The expected response is the full listing, retyped exactly, without its images.

(Raw data begins)

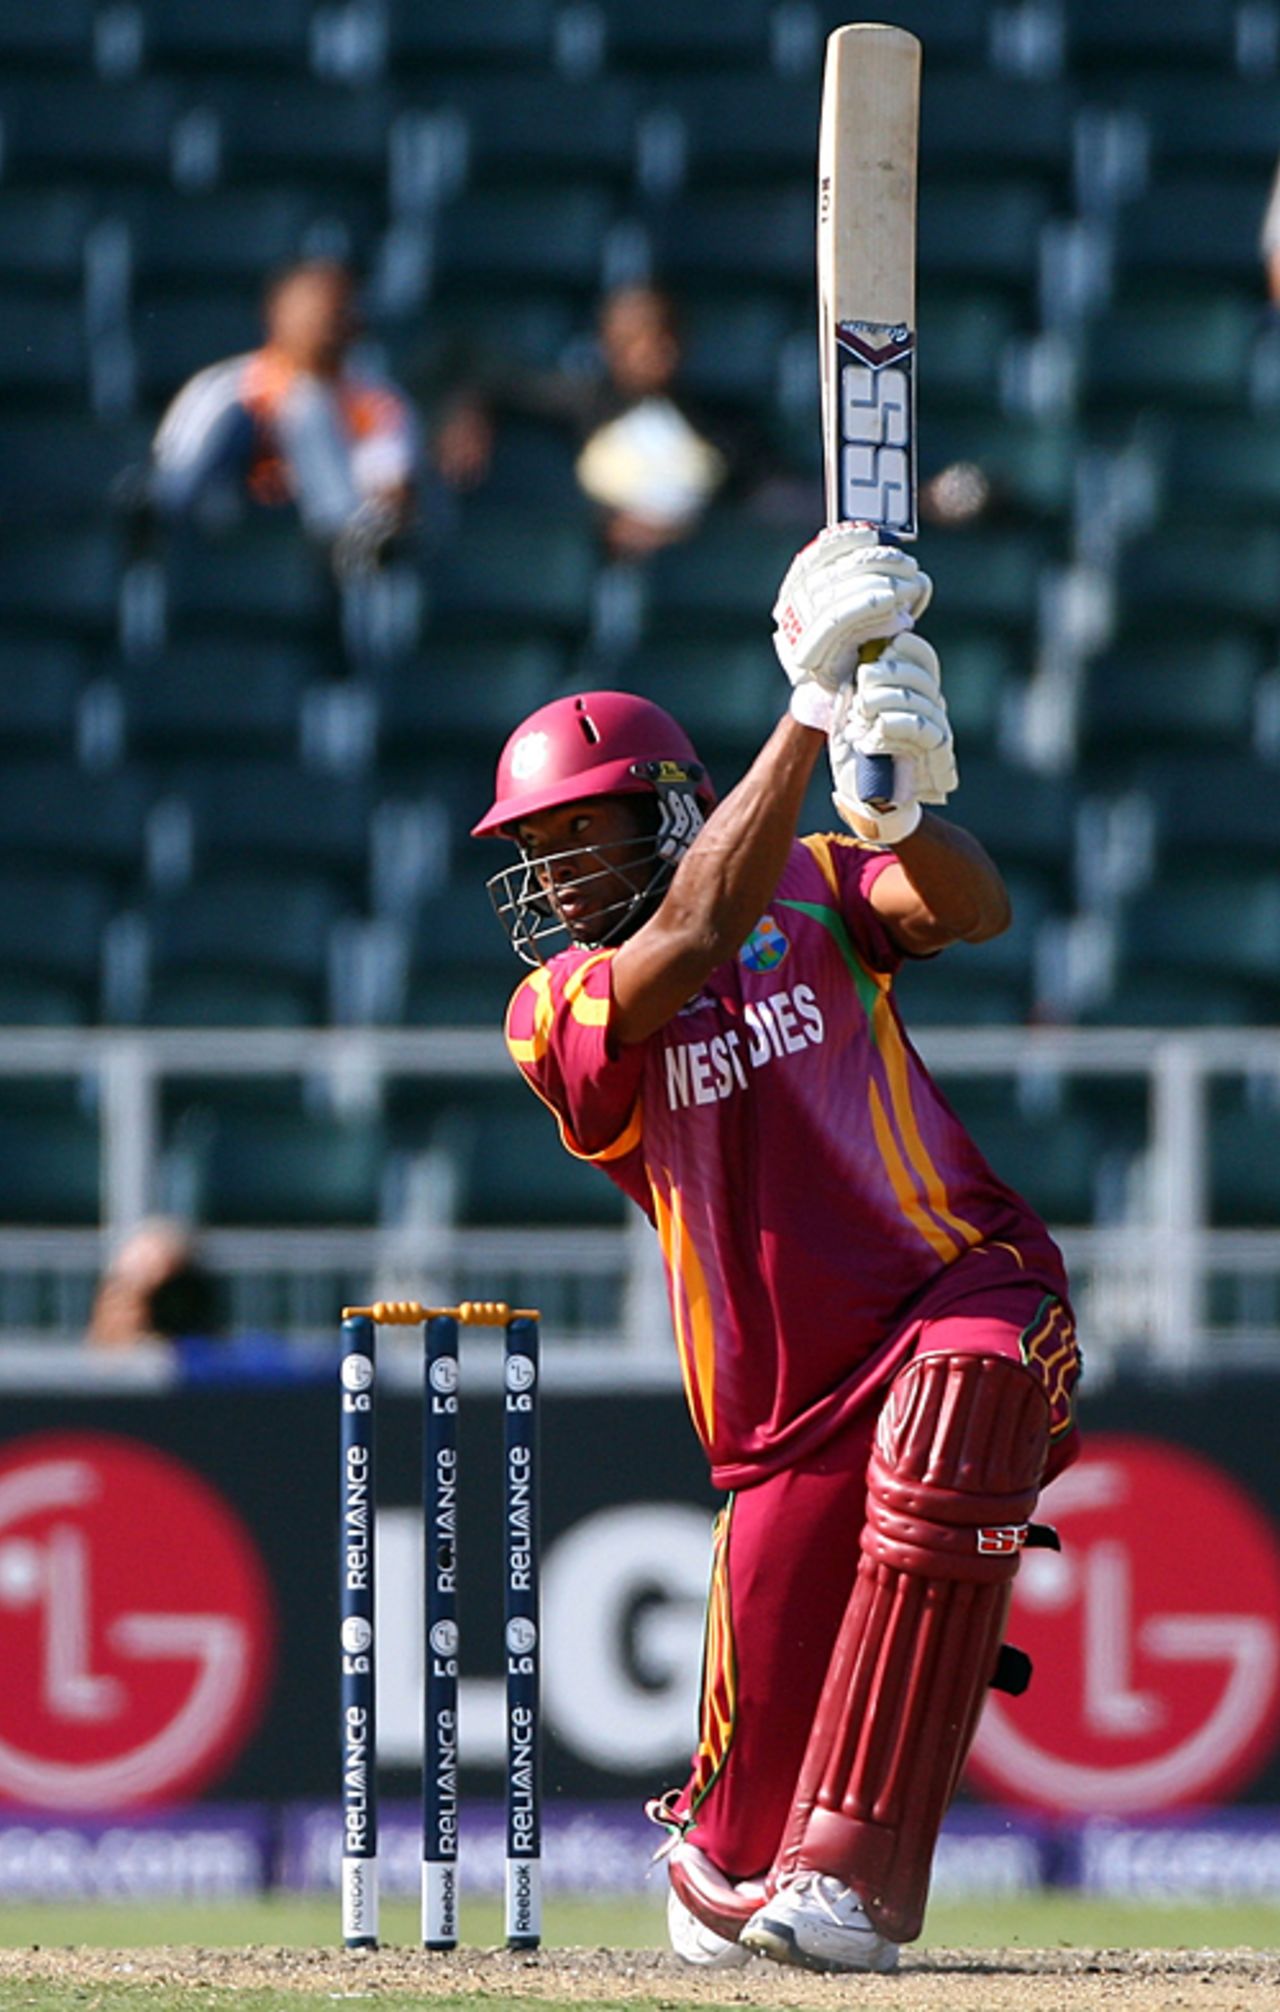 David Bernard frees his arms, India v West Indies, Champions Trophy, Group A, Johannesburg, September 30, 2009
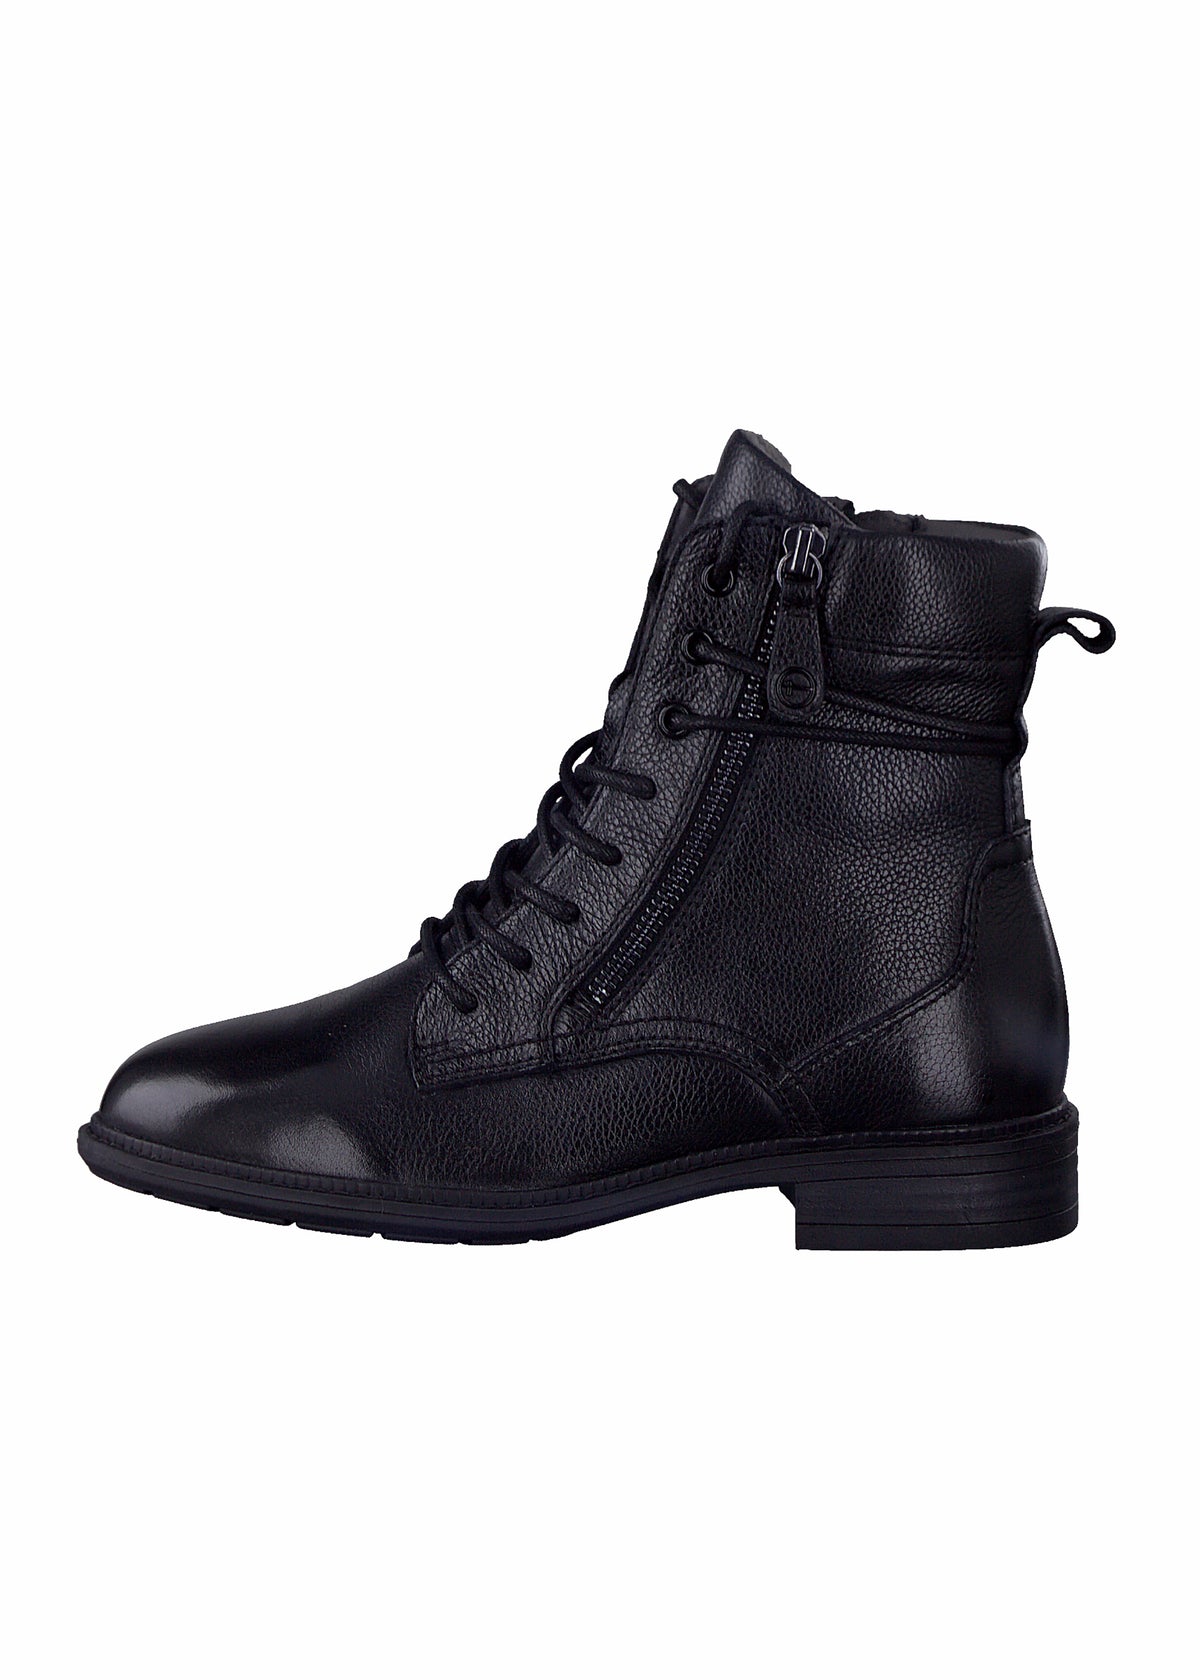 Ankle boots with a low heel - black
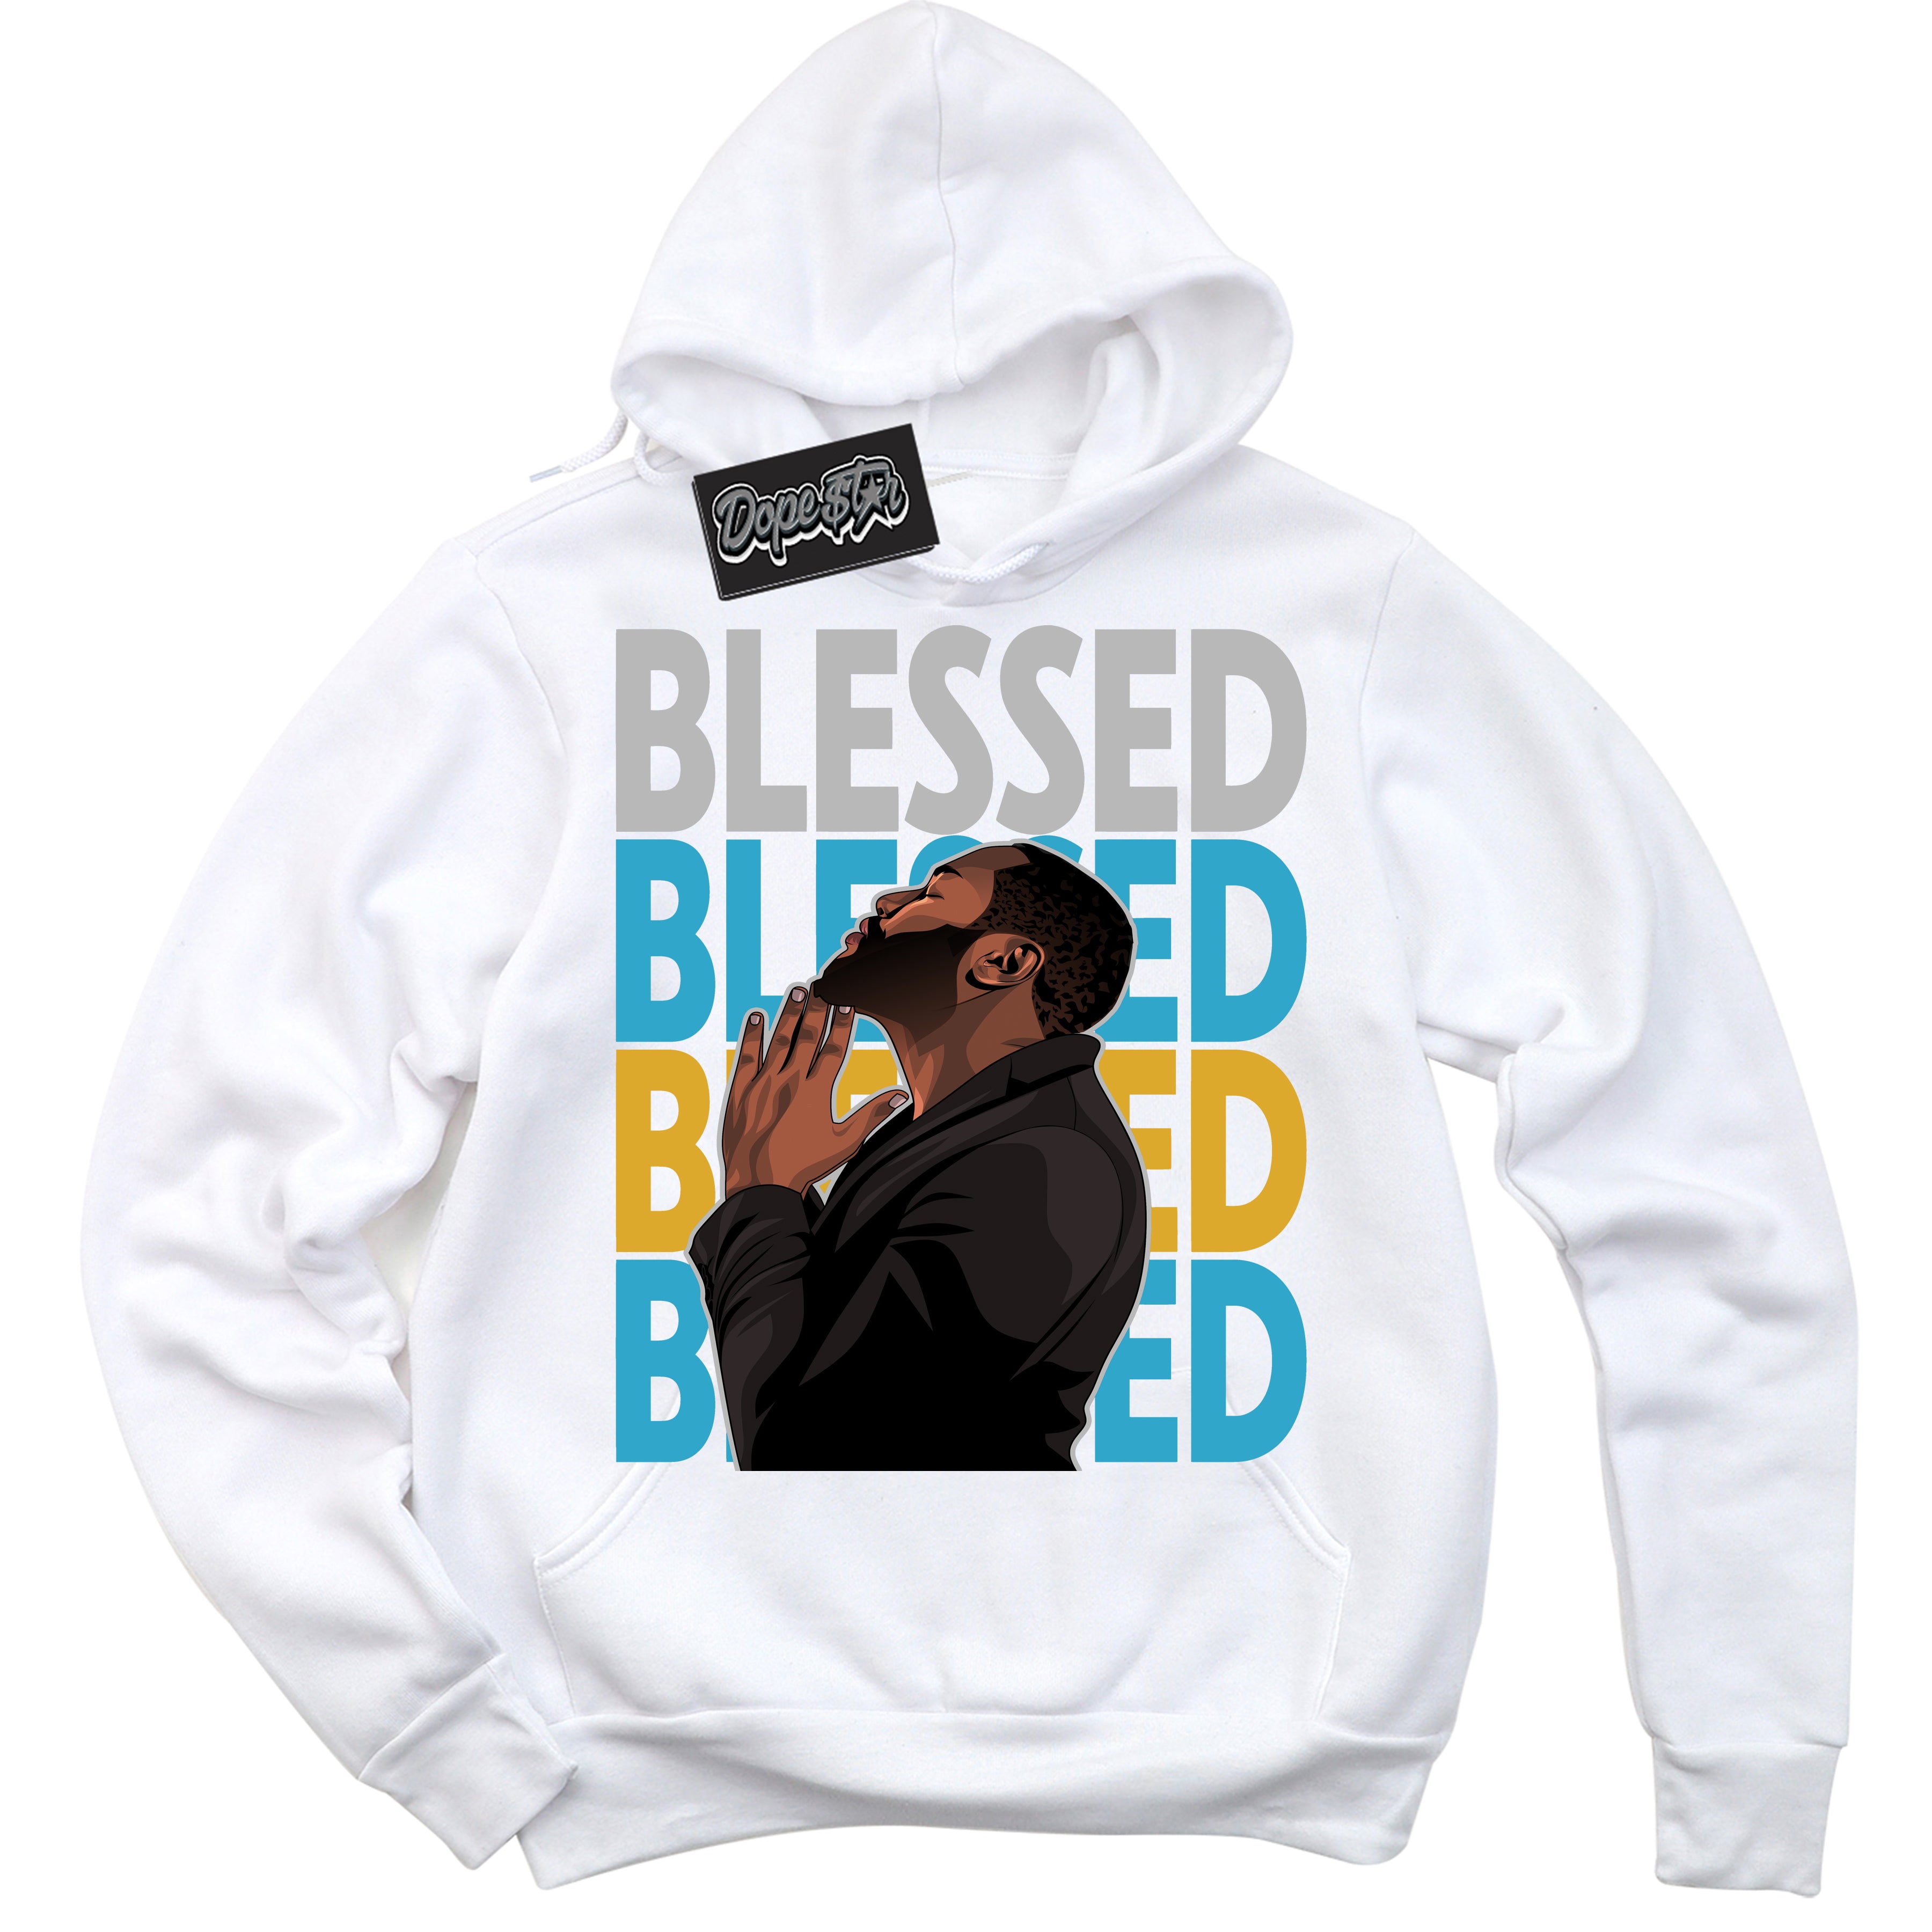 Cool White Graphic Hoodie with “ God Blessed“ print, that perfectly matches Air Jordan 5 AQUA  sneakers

(Raw data ends)

> [Solution to the problem]
 David Bernard frees his arms, India v West Indies, Champions Trophy, Group A, Johannesburg, September 30, 2009
 Ankle boots with a low heel - black
 Cool White Graphic Hoodie with “ God Blessed“ print, that perfectly matches Air Jordan 5 AQUA  sneakers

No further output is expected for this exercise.